All assignments for the class will be listed here.

  • Five Four homework assignments, each with 2-3 programming problems.
  • A midterm “tutorial” assignment where you will write up a short tutorial on a data science subject.
  • A final project, done in groups, on a data science problem of your choosing.

All assignments will be released by 11:59 PM ET on the release date, and are due at 11:59pm ET (midnight) on the due date.

You are expected to know and adhere to the course policies, which govern late days, submissions, and collaboration.

Assignment dates

We may occasionally modify assignment dates and scopes. If we do that, there will be an announcement in-class and an update here.

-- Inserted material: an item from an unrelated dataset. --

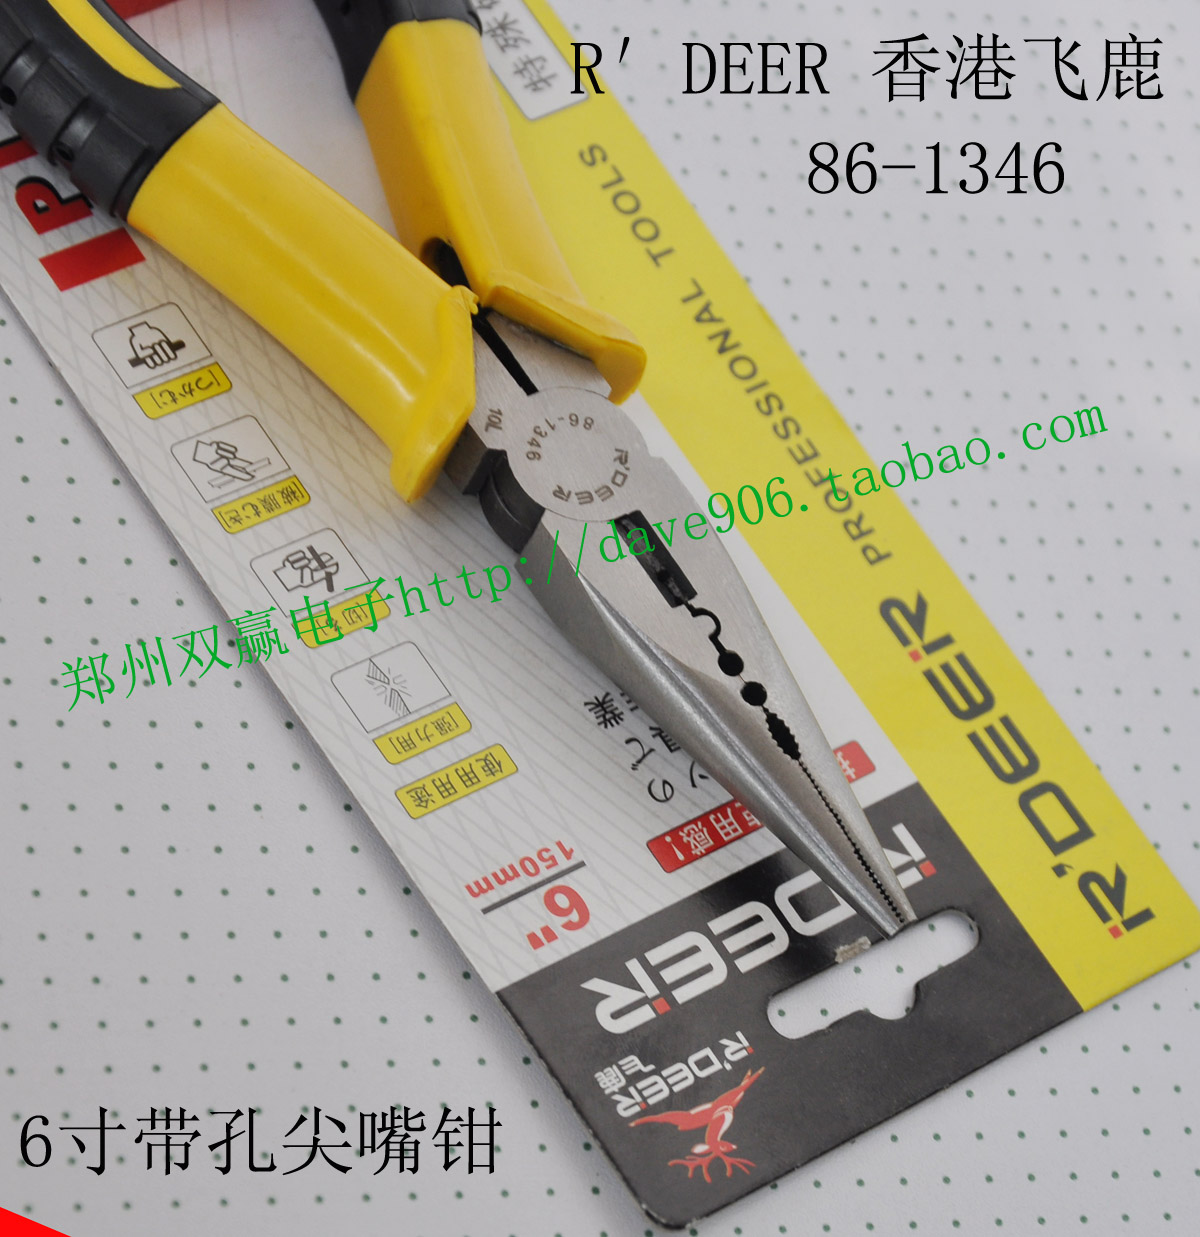 R′DEER香港飞鹿 85-346/326 6寸/150mm 带齿带孔尖嘴钳 黄色手柄

Assignment Release date Due date Notebooks Colab
Homework 1 Feb 9 Feb 23 hw1_get_started
hw1_scraper
hw1_xml_parser
hw1_get_started
hw1_scraper
hw1_xml_parser
Homework 2 Feb 28 Mar 16 hw2_relational_data
hw2_time_series
hw2_graph_library
hw2_relational_data
hw2_time_series
hw2_graph_library
Tutorial Mar 15 Mar 26 (proposal)
April 8 (submission)
April 15 (evaluations)
   
Homework 3 Mar 16 April 1 hw3_linear
hw3_text
hw3_nlp
hw3_linear
hw3_text
hw3_nlp
Project Apr 12 Apr 22 (proposal)
May 14 (video)
May 17 (report)
   
Homework 4 April 15 April 29 hw4_bayes
hw4_unsupervised
hw4_cf
hw4_bayes hw4_unsupervised hw4_cf

TAs may not be available to answer questions about an assignment after its due date; keep this in mind before deciding to use your grace days.

Homework

Homeworks are distributed Jupyter notebooks (we will also link Colab notebooks shortly), and are submitted for grading using code in the notebook as well (we will post a description of this proceess along with the first homework). To submit the assignments, sign up for an account (with your andrew email) on the autograding site https://mugrade.datasciencecourse.org

Tutorial

In lieu of a midterm exam, students will write a tutorial on a data science topic of their choosing. More information will be posted here when the assignment is released. Again, no late days are permitted on the tutorial, and failure to submit by the deadline will result in zero points.

Final project

The final project of the course will consist of a large data science project done in teams of 2-3 people (single person or four person teams will be considered on an individual basis). The final report for this project will be a Jupyter notebook detailing the data collection, analysis, and results. In addition to the report, teams will also prepare a short video for showing during a final project video session.

No late days are permitted on the final project, and failure to submit by the deadline will result in zero points.